Guest Blogger Cedi Frederick, former social care Chief Executive and now Managing Director of Article Consulting Ltd challenges the sector to invest in coaching for Registered Managers 

 
      Cedi (Cedric) Frederick                                                                       
It’s generally accepted that the job of the Registered Manager is the toughest in social care bar none! No other job comes with the relentless pressure, the ever increasing expectations and in real terms the ever decreasing resources; be that people or money!  At its best it’s hugely rewarding, but at its worst it can break even the most resilient of individuals.  In 2013 in a response to the growing number of Registered Manager vacancies, the CQC imposed tough penalties on organisations who failed to fill the 2,439 Registered Manager vacancies that existed and miraculously between November 2013 and April 2014, 1395 manager vacancies were filled, with 470 registration applications lodged with the CQC.  I wondered then, as I wonder now how many of those appointments were really up to the toughest job in social care and how many of those managers appointed then are still Registered Managers today?

I have led many management and leadership workshops and training sessions for Registered Managers and there’s a slide I always use to illustrate the expectations placed on them.  It shows the faces of Oprah Winfrey, Mahatma Ghandi, Margaret Thatcher, Anita Roddick, Winston Churchill, Richard Branson, Albert Einstein and……Paul Daniels! So, the ideal Registered Manager needs to have Oprah’s empathy, Ghandi’s wisdom, Thatcher’s toughness, Roddick’s entrepreneurial spirit, Churchill’s leadership, Branson’s business savvy, Einstein’s brains and like Paul Daniels, a Manager needs to be able to pull rabbits out of hats!  A lot to expect of one person?  Yes, it is, but we’ve seen how a great Registered Manager can turn a failing care home around, but we’ve seen how a home that was previously well run and delivering great outcomes can slowly fail following the appointment of a Manager who is not up to the job!

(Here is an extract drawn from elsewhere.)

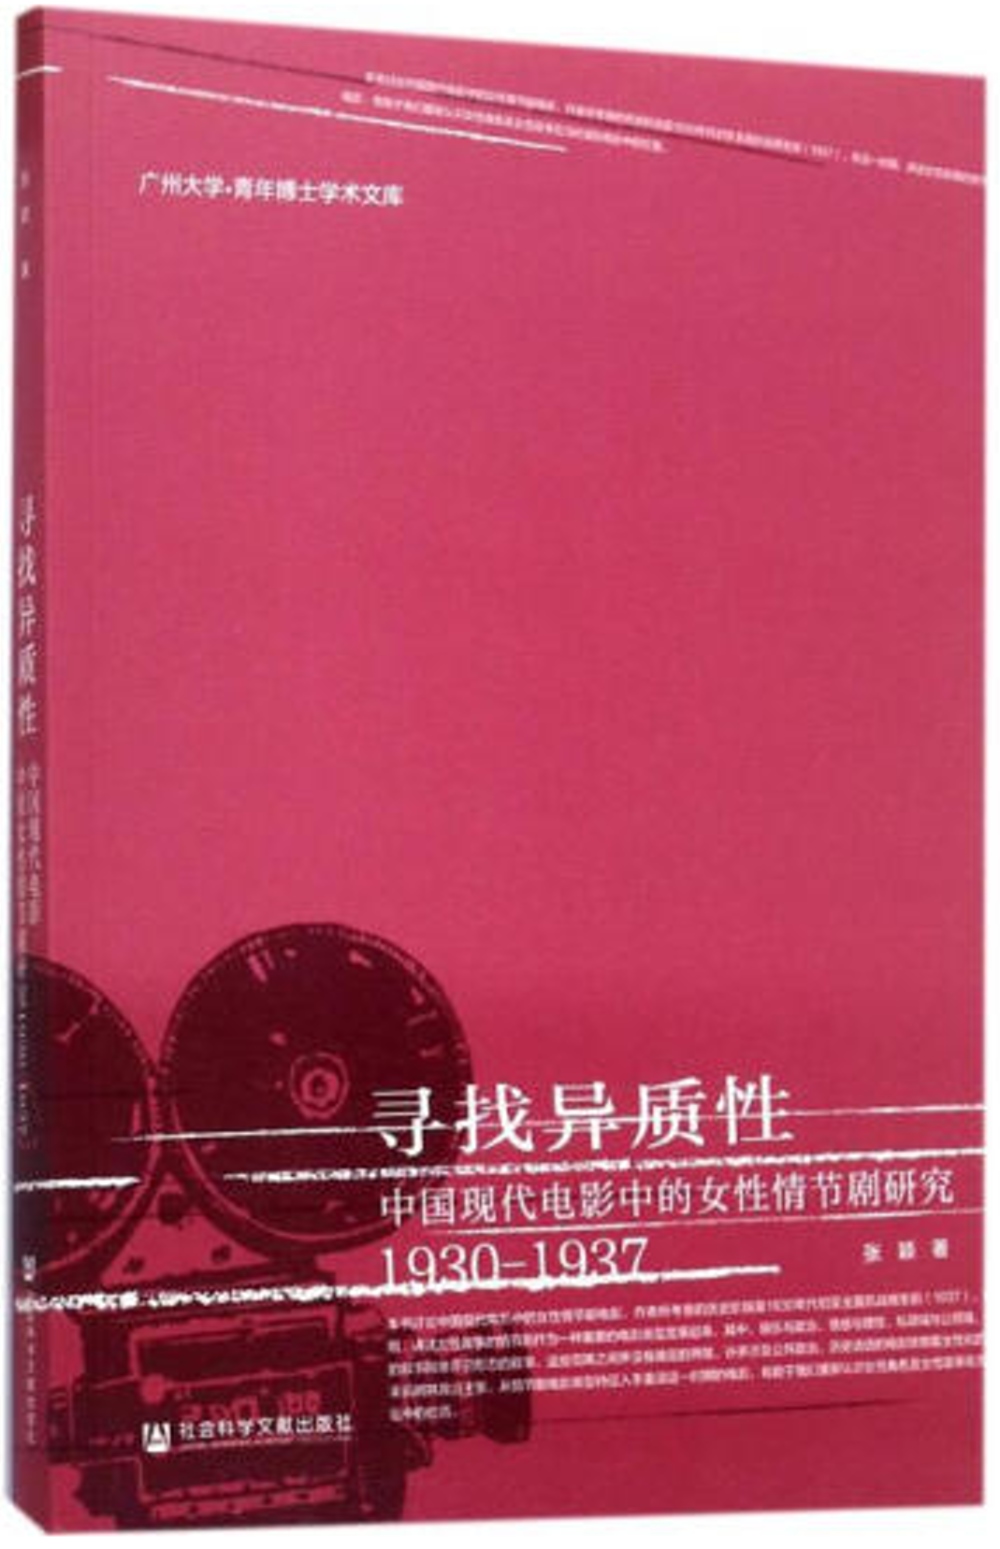 尋找異質性：中國現代電影中的女性情節劇研究（1930-1937）
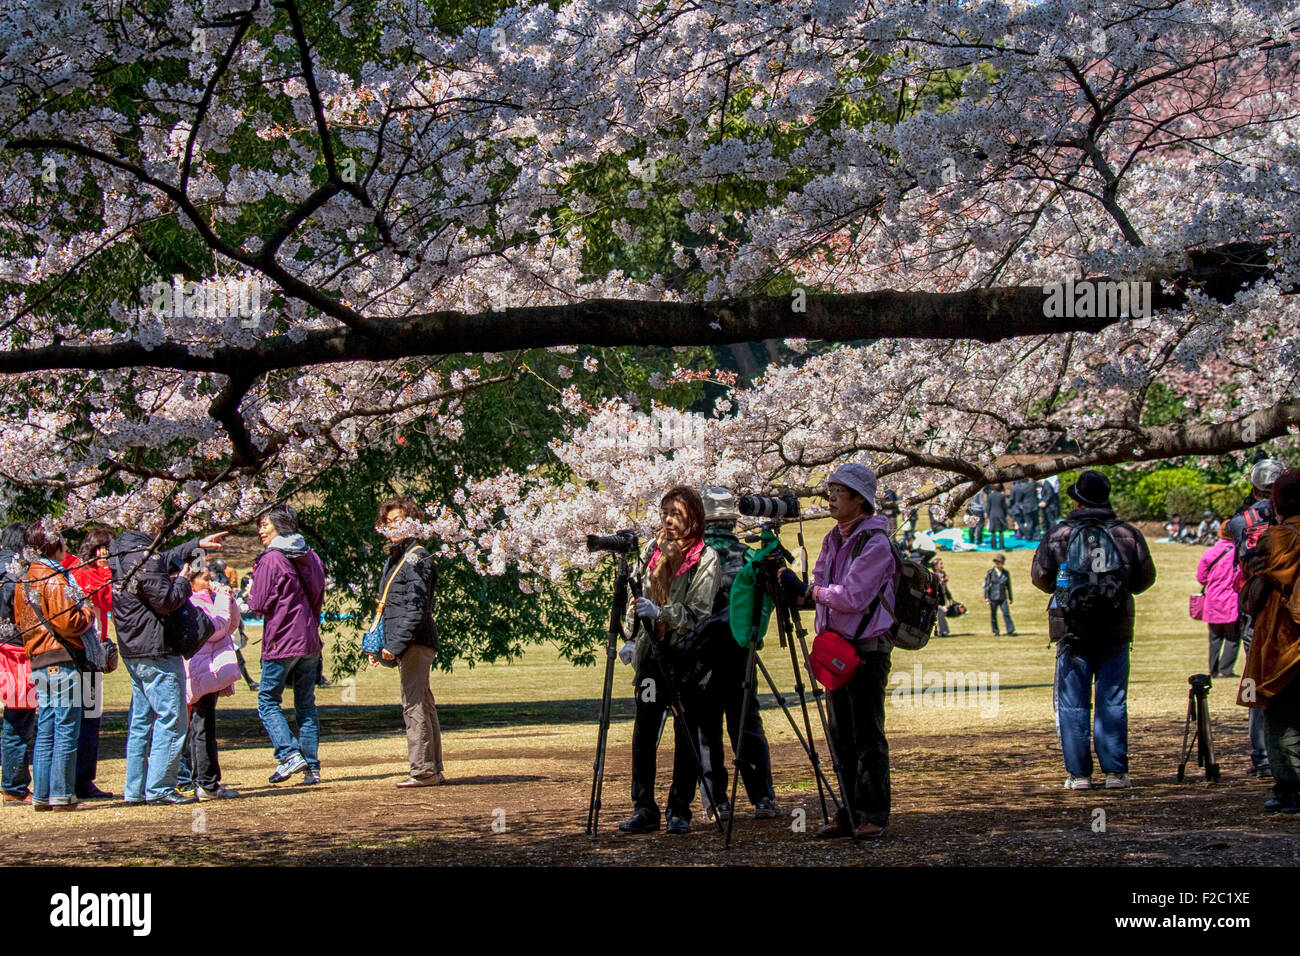 Fotografare i fiori di ciliegio durante la fioritura dei ciliegi celebrazione (chiamato hanami) a Tokyo Foto Stock

Skills for Careand the National Care Forum are doing great work to support Registered Managers to improve their management and leadership skills and knowledge.  They are to be applauded for their efforts, as are the organisations that invest in their Managers training and support.  But it’s not enough.  Care providers need to invest as much, if not more in Managers’ emotional and psychological well-being as they do in their managerial competencies.  I believe that thousands of Managers are burnt out and struggling to get through each day in a job that has changed beyond all recognition.  Many are of an age where they’re just holding on, hoping to see out their careers without a major incident in their homes that would threaten their future employment at a time when they believe that changing career would be virtually impossible.
 If it\'s good enough for Mo!

So, how should organisations respond?  By providing every Registered Manager with a Personal Performance Coach.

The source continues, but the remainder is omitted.